Thanks be to God, we are now confidently looking forward to the imminent end of our voyage. On the 26th at 2:00 a.m. we passed between Cuba and Santo Domingo (Hispaniola) and are now sailing along the southern coast of Cuba. We hope to sail around the Cuban west coast tomorrow, since we have a favorable wind, which, if it holds, will bring us to Galveston in a week. Although here on the ship there is no opportunity to spend money, this situation, though bringing freedom from care, is yet unpleasant, and we shall all be heartily glad to see the end of this voyage.

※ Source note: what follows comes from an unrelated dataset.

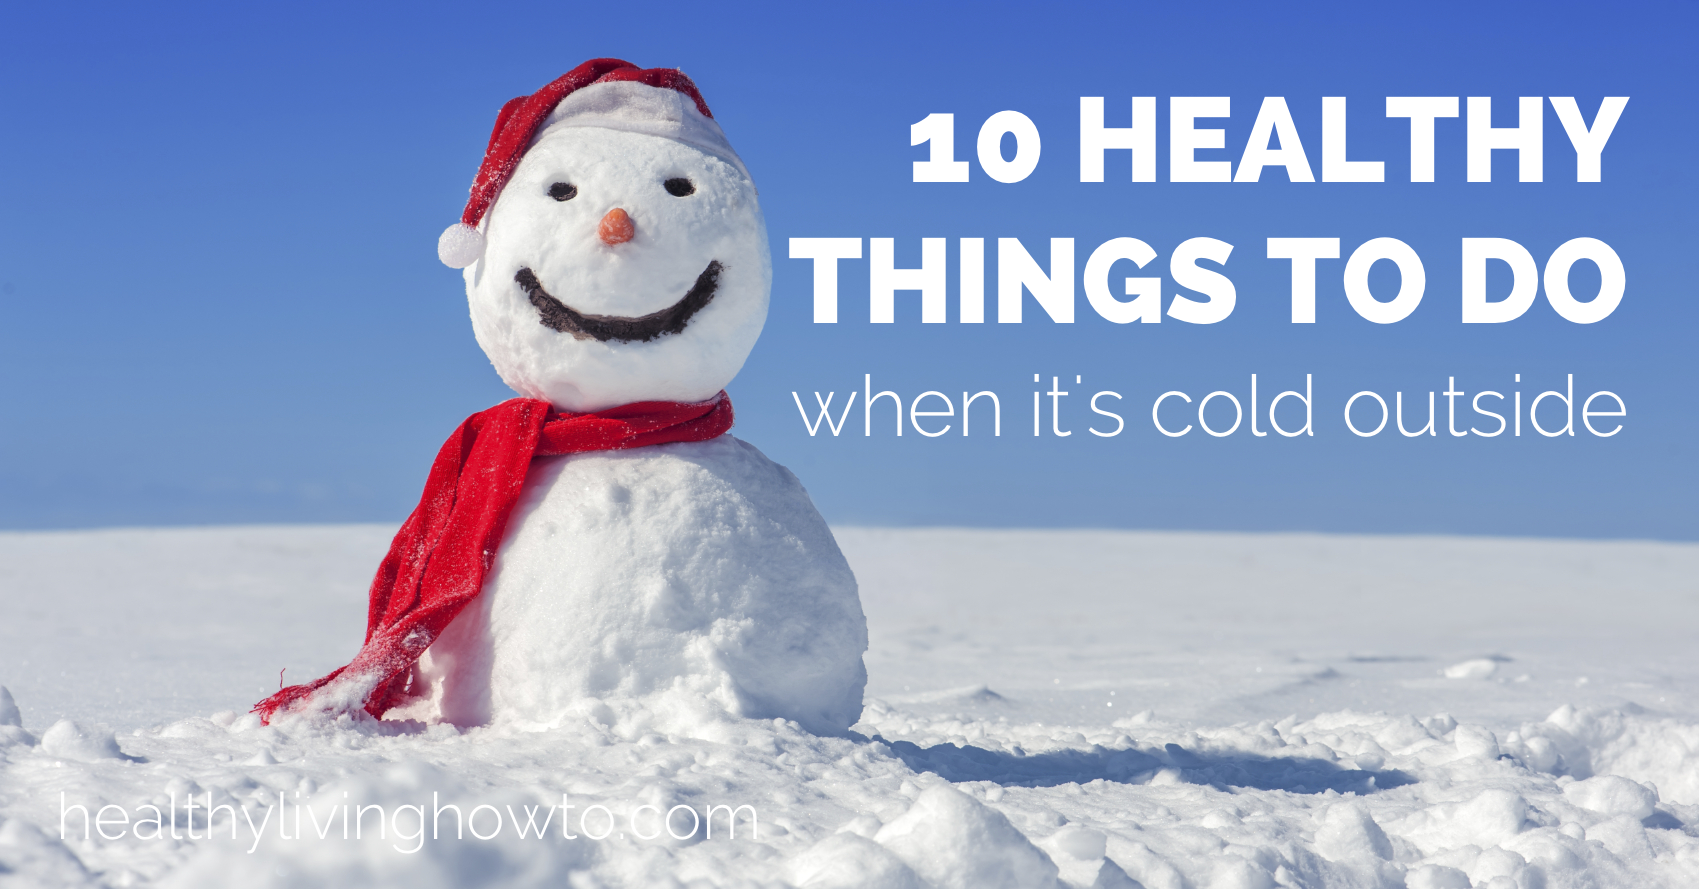 10 Healthy Things To Do When It's Cold Outside | healthylivinghowto.com

The two farmers mentioned above were formerly lawyers: their names are Mr. Engelking and Mr. Wagner. Eighteen years ago Engelking was a Prussian law clerk. He has spent ten years in Texas and lived through the times of disorder (Texas Revolution). He is of an impetuous but upright character, and since he lives between the Brazos and Colorado rivers, he is very well known to Preacher Fuchs in Wild Cat Spring, and so for now we are relying on his counsel, which he gives with great caution.
Originally it was my intention to go from Galveston to Houston by steamboat and then make an exploratory trip to Bastrup, however, we shall travel with Engelking to St. Philippe de Austin and explore first from there. For a year there has been steamboat service on the Brazos, so that one can go directly from Galveston to St. Philippe de Austin in two days. This is very advantageous, especially as concerns the baggage, for shipping freight wagon is very expensive.